Пролётка свернула на другую, ещё более узкую и разбитую дорогу, уходящую в глубь леса, и озеро с монастырём на острове остались позади, скрывшись за стеной вековых сосен, словно их и не было вовсе, словно они были лишь миражом, игрой утомлённого долгой дорогой воображения.
Деревня оказалась небольшой, в два десятка дворов, притулившейся на самом берегу озера, вёрстах в пяти от уездного города, отрезанная от него лесом и болотами. Тётушка не обманула — до темна они действительно добрались, хотя солнце уже почти село, и последний, прощальный свет разливался по небу широкими, густыми, как масло, полосами — багровыми, синими, лиловыми, переходящими в глубокую, бархатистую черноту на востоке.
Дом, где жила Марья Ильинична, стоял на отшибе, у самого спуска к воде, отделённый от остальных изб небольшим, заросшим буйным бурьяном пустырём. И Арина, взглянув на него, влюбилась с первого взгляда — той странной, мгновенной, ни на чём, казалось бы, не основанной любовью, какой иногда люди любят места, чувствуя, с первого взгляда, что они предназначены им самой судьбой, что именно здесь, в этом месте, им суждено обрести покой или, наоборот, потерять его навсегда.
Старый, почерневший от времени и непогоды, с резными наличниками на окнах, которые когда-то были белыми, а теперь облупились и потемнели до неопределённого серо-коричневого цвета, с покосившимся, осевшим на один угол крыльцом и заросшим, давно не знавшим человеческой руки палисадником, он казался не просто строением из брёвен и досок, а живым существом — огромным, добрым, усталым от долгой жизни зверем, что присел отдохнуть на берегу после долгого и трудного пути.
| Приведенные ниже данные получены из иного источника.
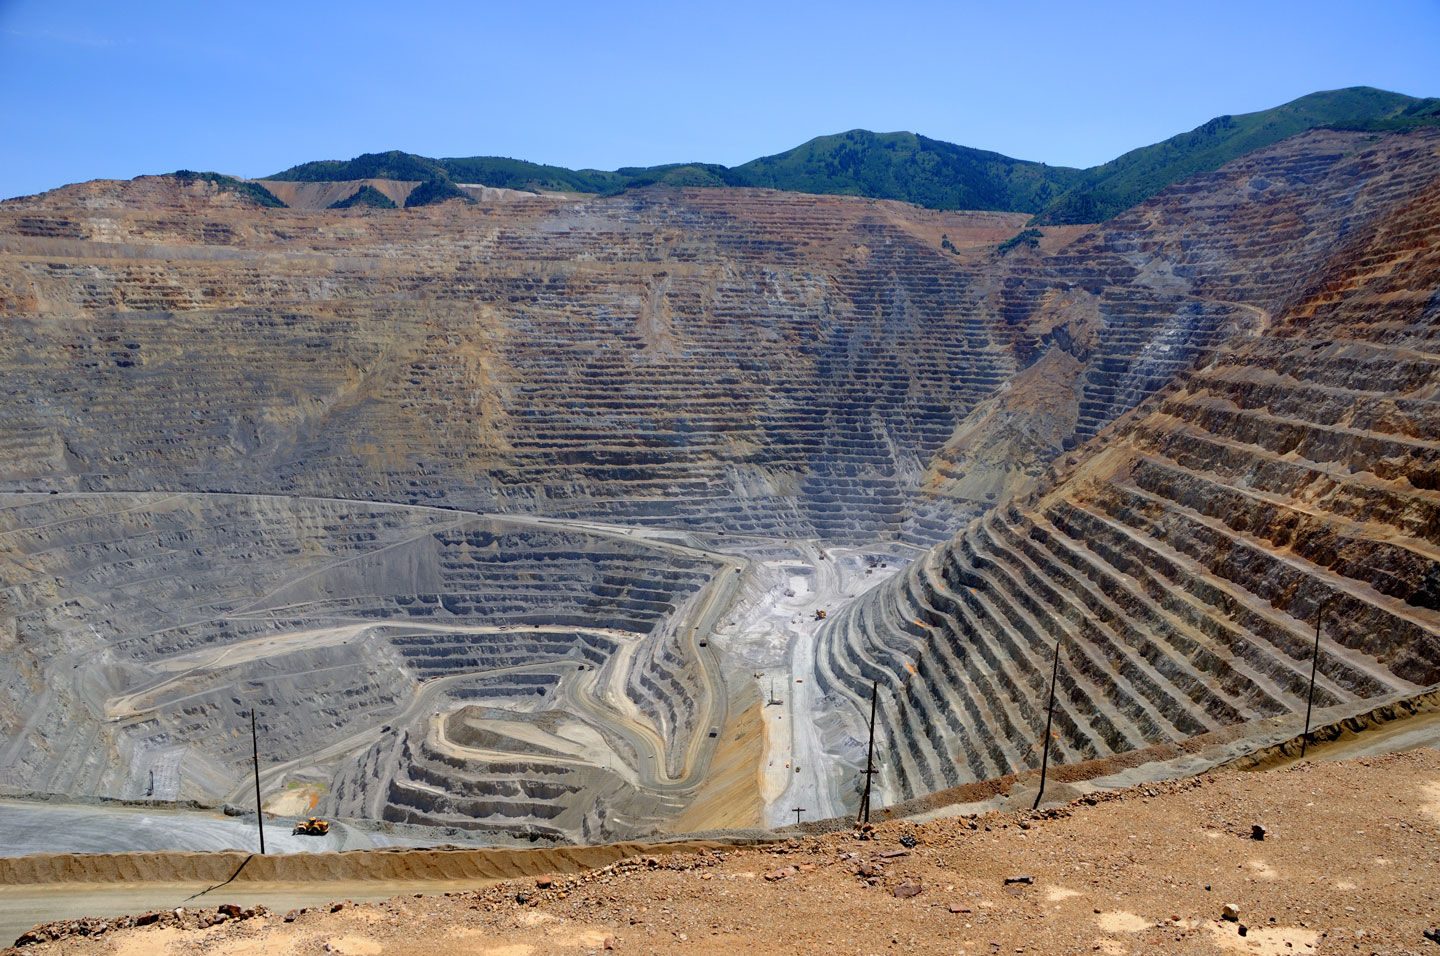 Le Maroc se positionne dans le top 10 du classement mondial des juridictions les plus attractives pour les investissements miniers

— Сколько же ему лет? — спросила Арина, с трудом вылезая из пролётки и разминая затекшие, онемевшие от долгого сидения ноги.
— А никто не знает, — ответила тётушка, с кряхтеньем отвязывая верёвки, удерживающие сундук. — Мой дед, царствие ему небесное, говаривал, что ещё его дед здесь родился и помер. А дом уже стоял. Так и стоит, поди. Не нами поставлен, не нами и сломан будет.
Она отперла тяжёлую, окованную почерневшим, изъеденным ржавчиной железом дверь — ключ был огромный, чугунный, с замысловатой, причудливой бородкой, каких Арина отродясь не видывала даже в самых подробных описаниях старины, — и они вошли внутрь, в тёмные, пахнущие многолетней, устоявшейся оседлостью сени.
В сенях пахло травами — сушёной мятой, зверобоем, чабрецом, душицей, развешанными пушистыми пучками под самым потолком, и этот запах, чистый, горьковатый и удивительно живой, смешивался с запахом старого, выдержанного за многие десятилетия дерева, остывшей печной золы и ещё чем-то неуловимым, что Арина потом, спустя время, научилась узнавать как запах дома — запах жизни, длившейся здесь беспрерывно, из поколения в поколение, из года в год, изо дня в день.
Тётушка прошла в горницу, чиркнула спичкой о шершавую, неровную стену, зажгла керосиновую лампу, и жёлтый, дрожащий, неровный свет разлился по комнате, выхватывая из густой, напитанной тенями темноты один предмет за другим.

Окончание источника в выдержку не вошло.